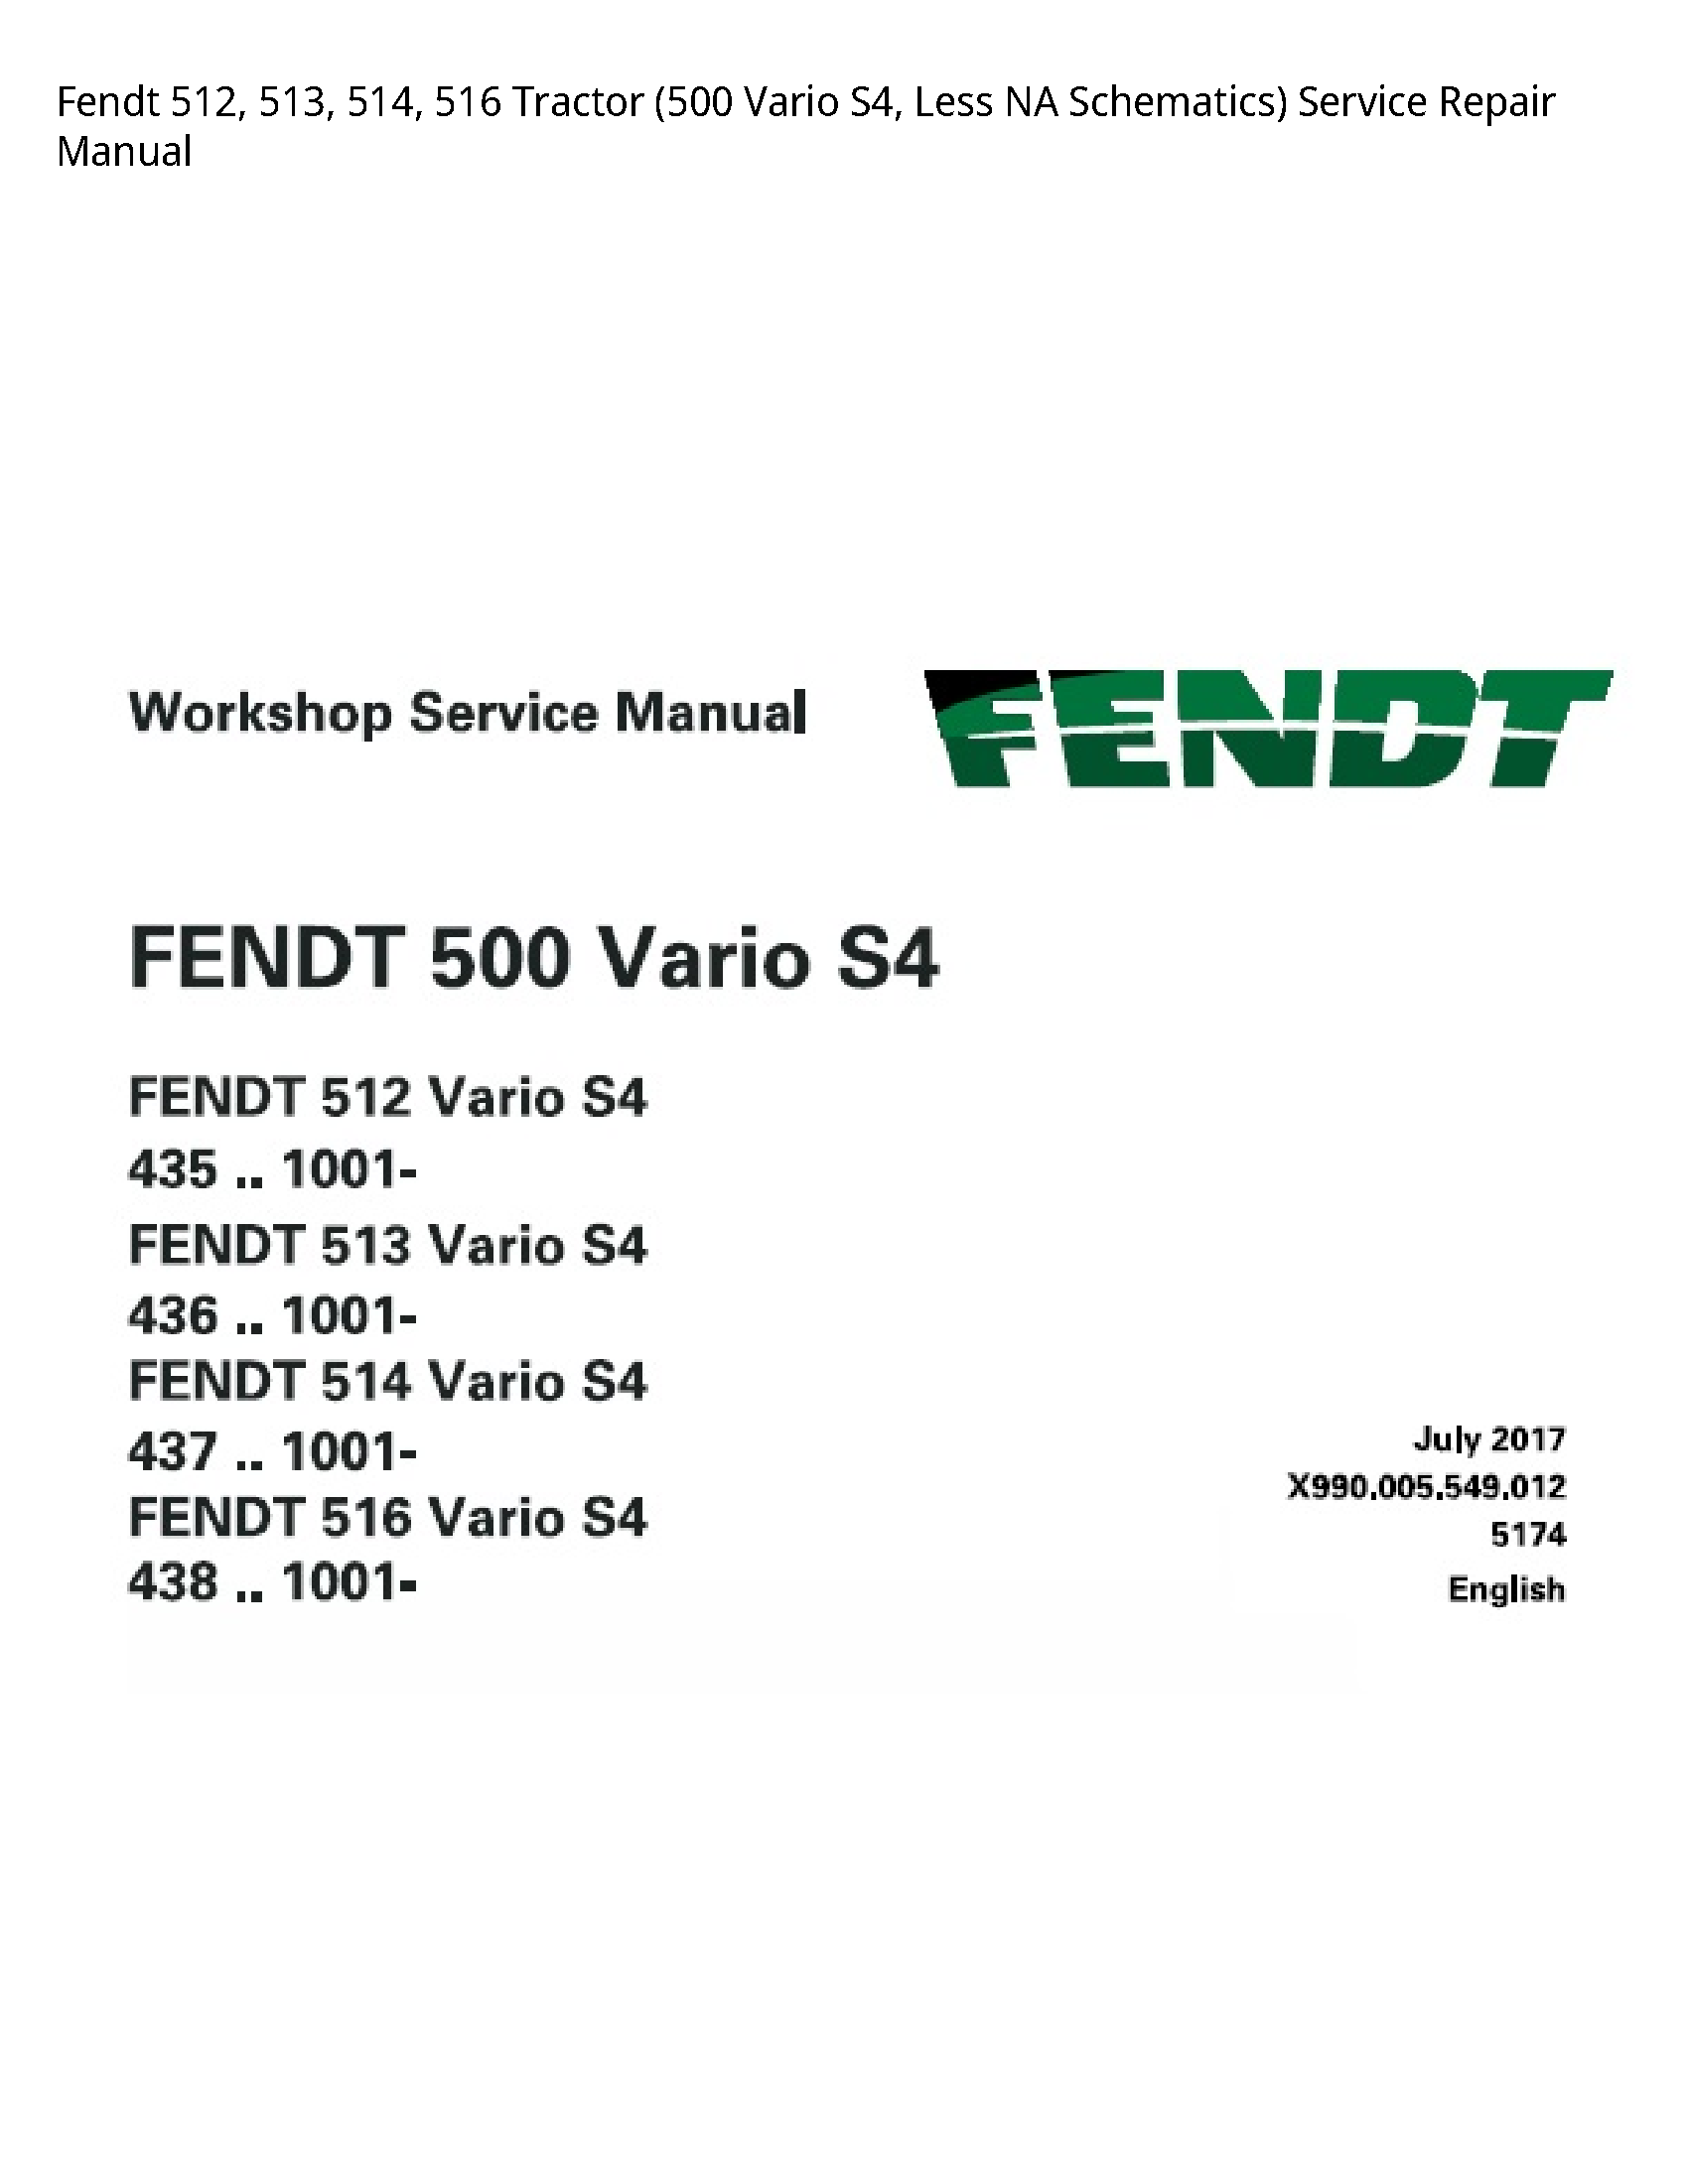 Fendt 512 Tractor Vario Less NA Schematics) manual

------------------------------------------------------------

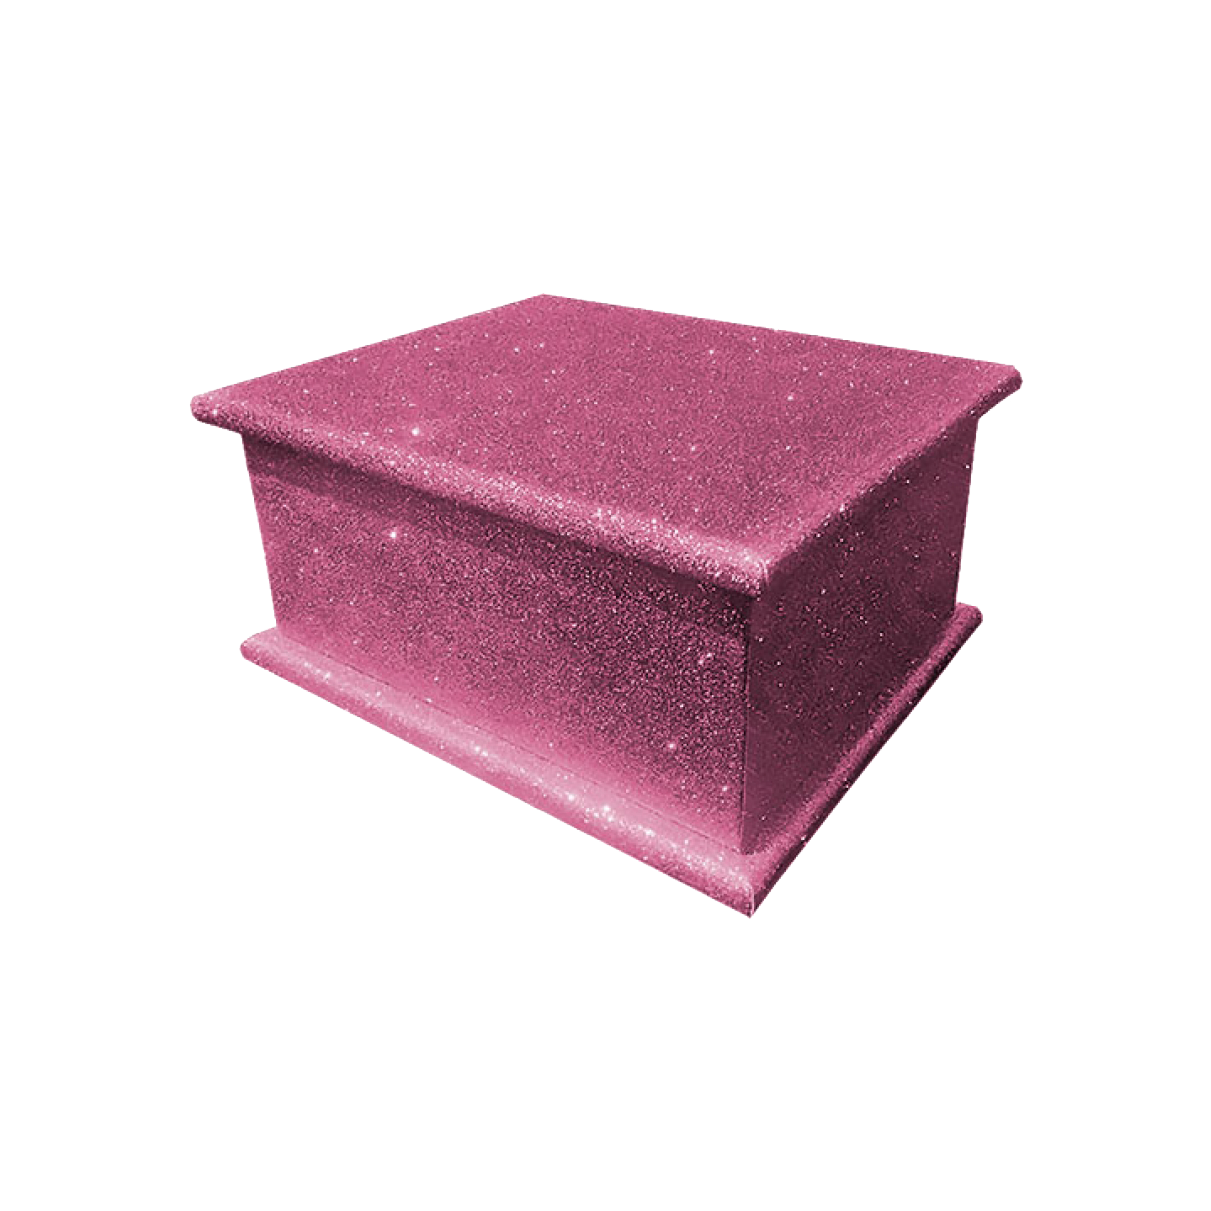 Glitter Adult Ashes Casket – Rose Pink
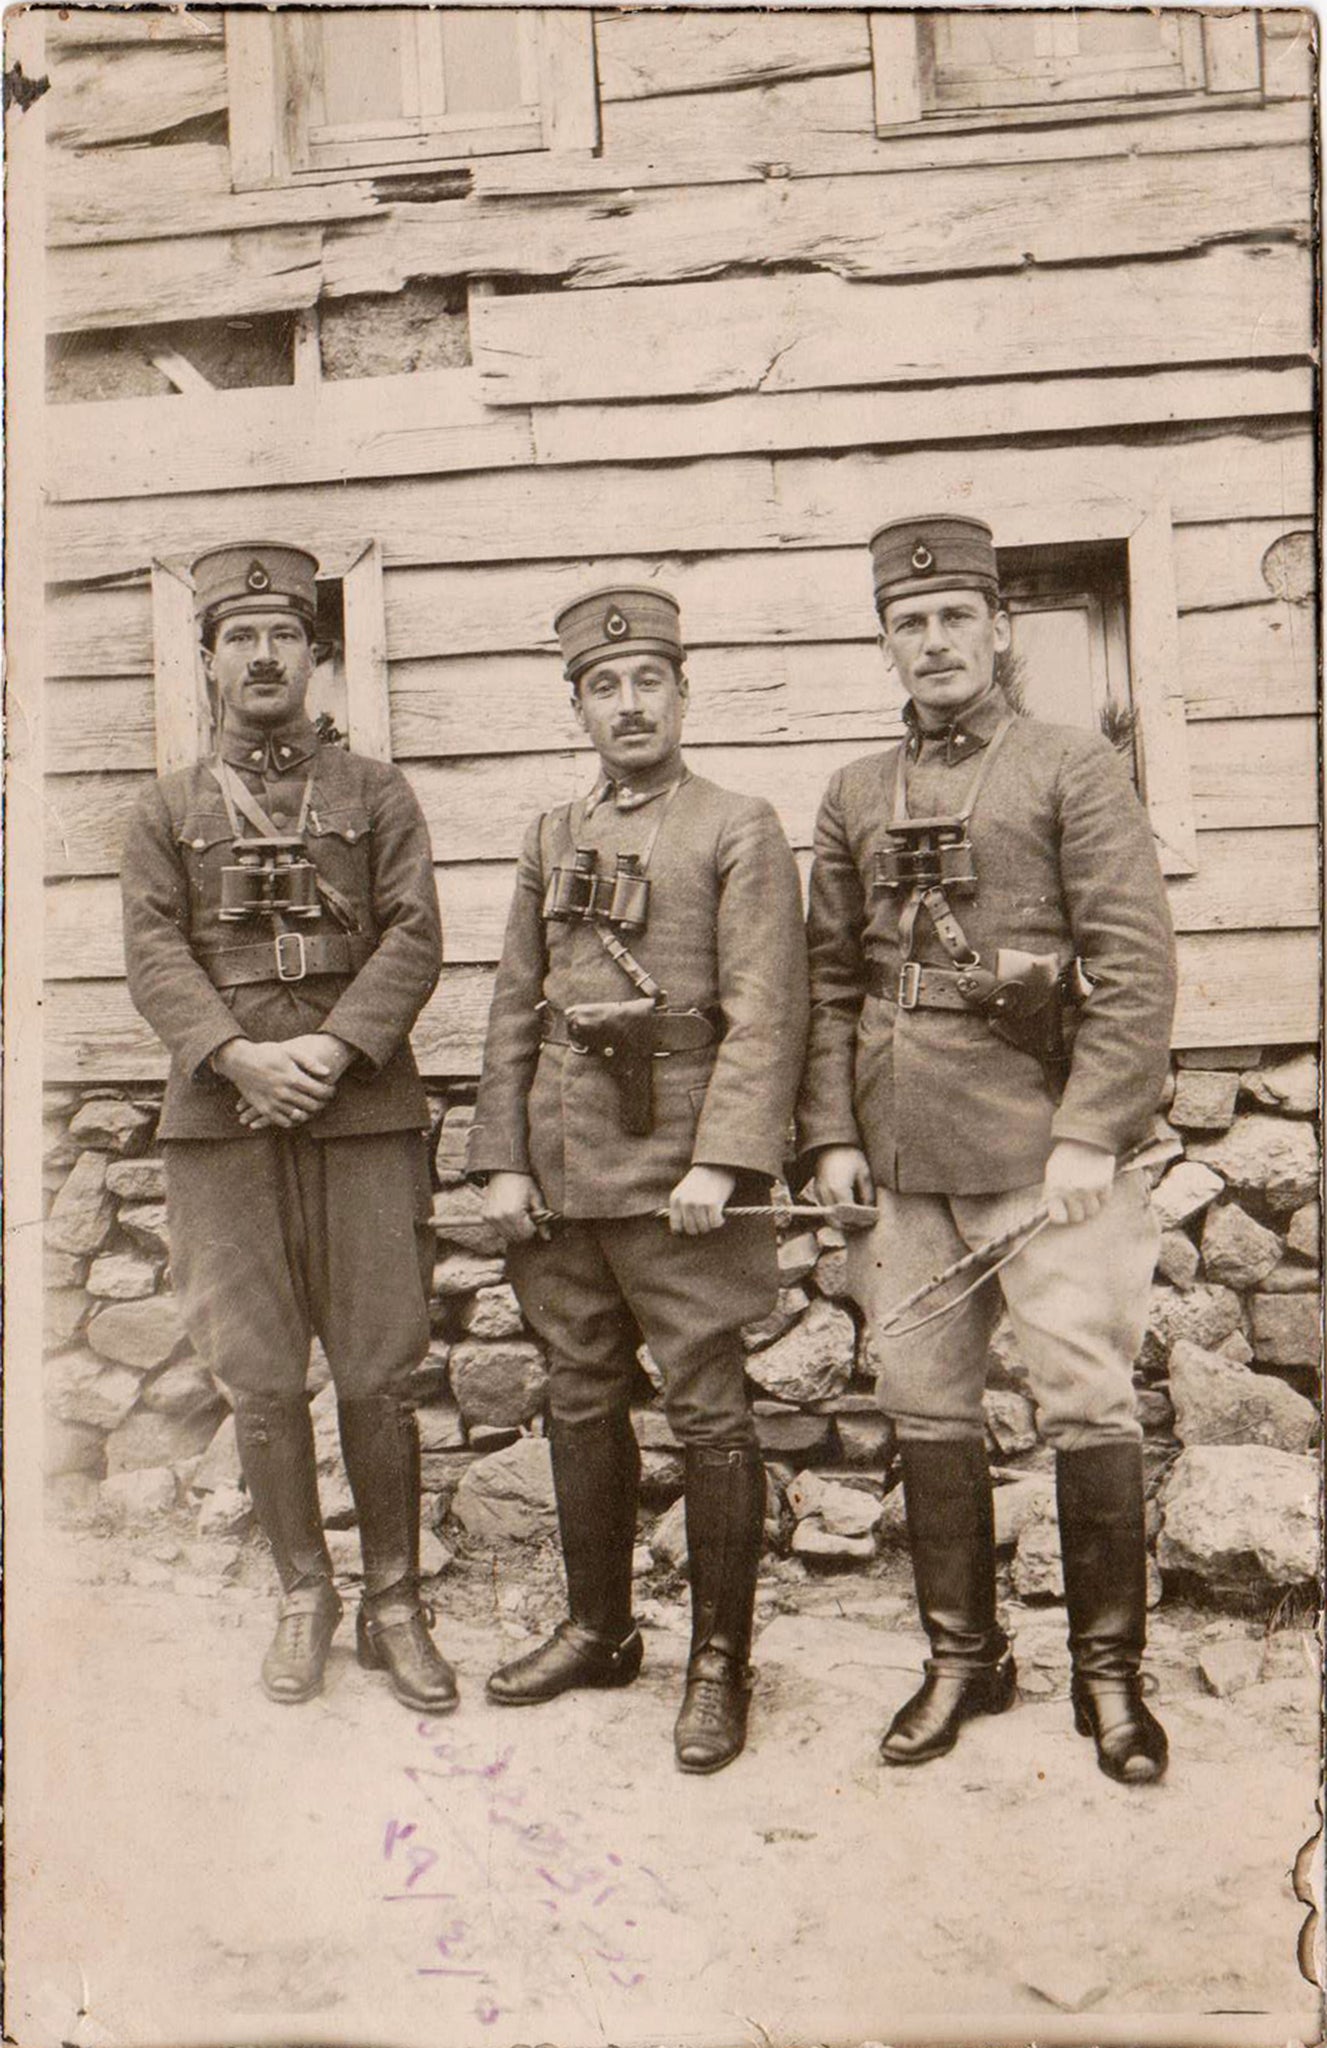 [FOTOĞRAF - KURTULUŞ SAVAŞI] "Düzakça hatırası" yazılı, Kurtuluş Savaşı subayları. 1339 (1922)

------------------------------------------------------------

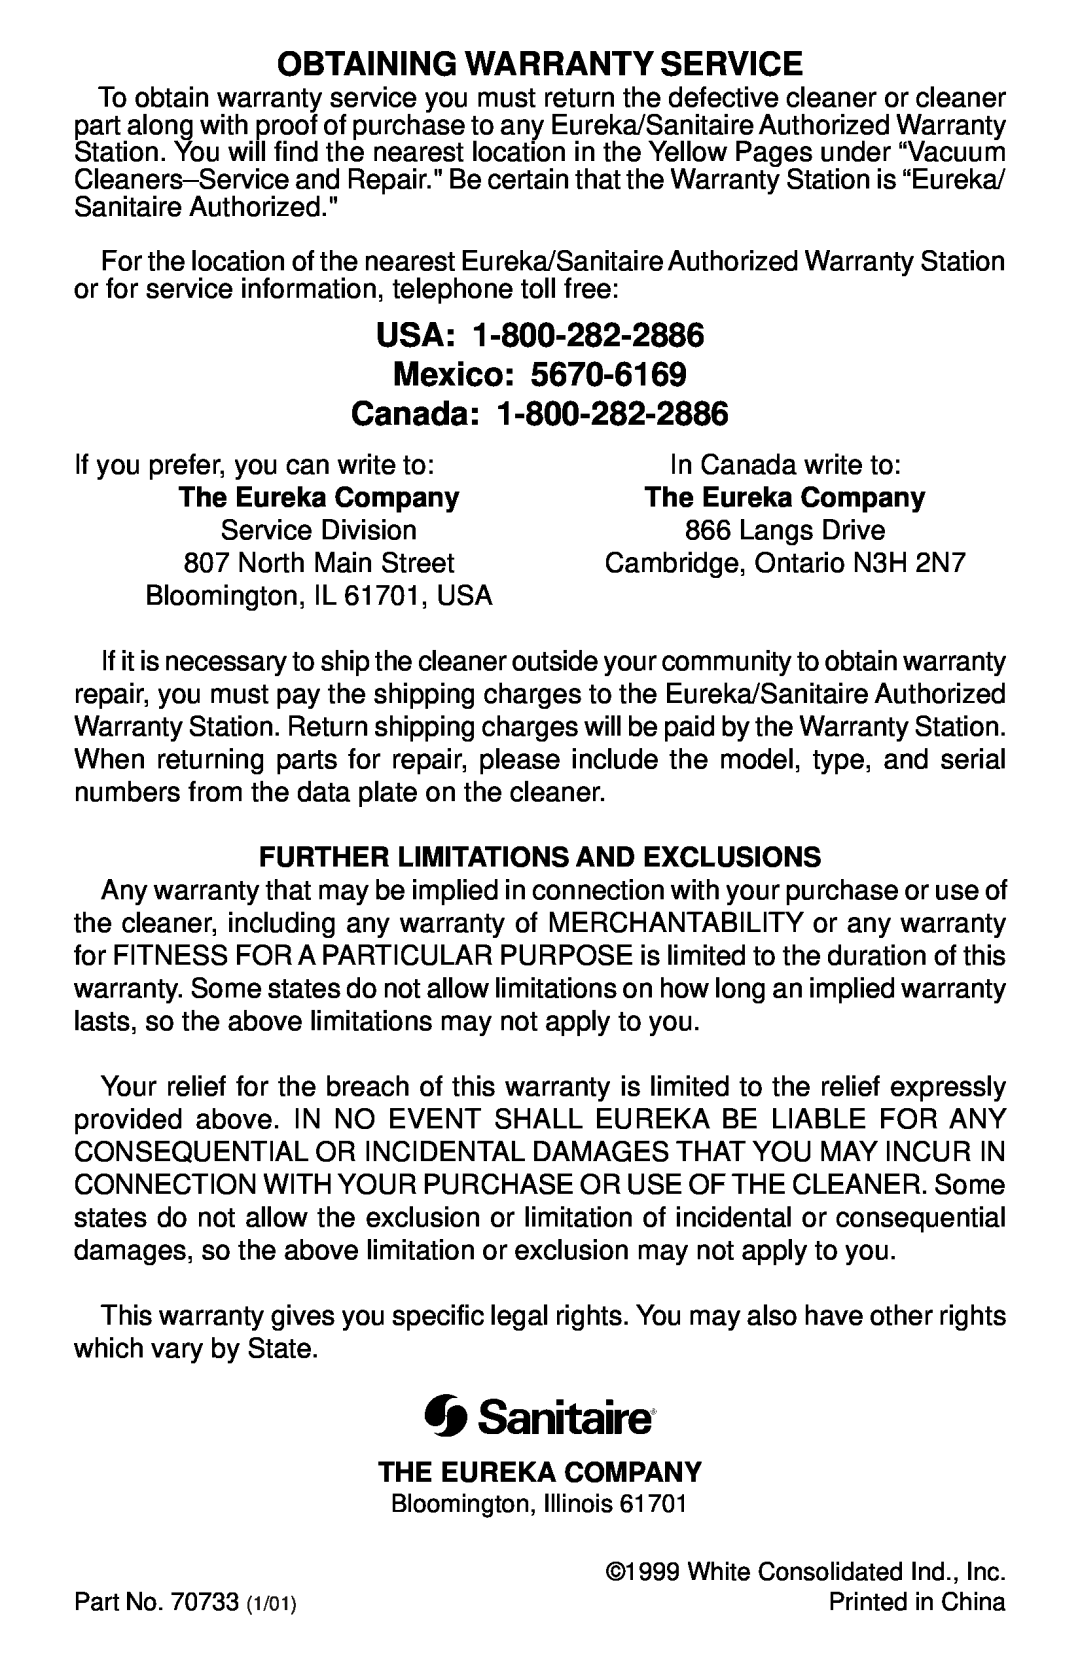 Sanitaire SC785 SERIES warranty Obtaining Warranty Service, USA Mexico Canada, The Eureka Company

------------------------------------------------------------

Beginning with the line holding "Glitter Adult Ashes Casket – Rose Pink" in the material above, restate word for word each line through the line holding "[FOTOĞRAF - KURTULUŞ", and exclude pictures.

▸ Task answer
 Glitter Adult Ashes Casket – Rose Pink
 [FOTOĞRAF - KURTULUŞ SAVAŞI] "Düzakça hatırası" yazılı, Kurtuluş Savaşı subayları. 1339 (1922)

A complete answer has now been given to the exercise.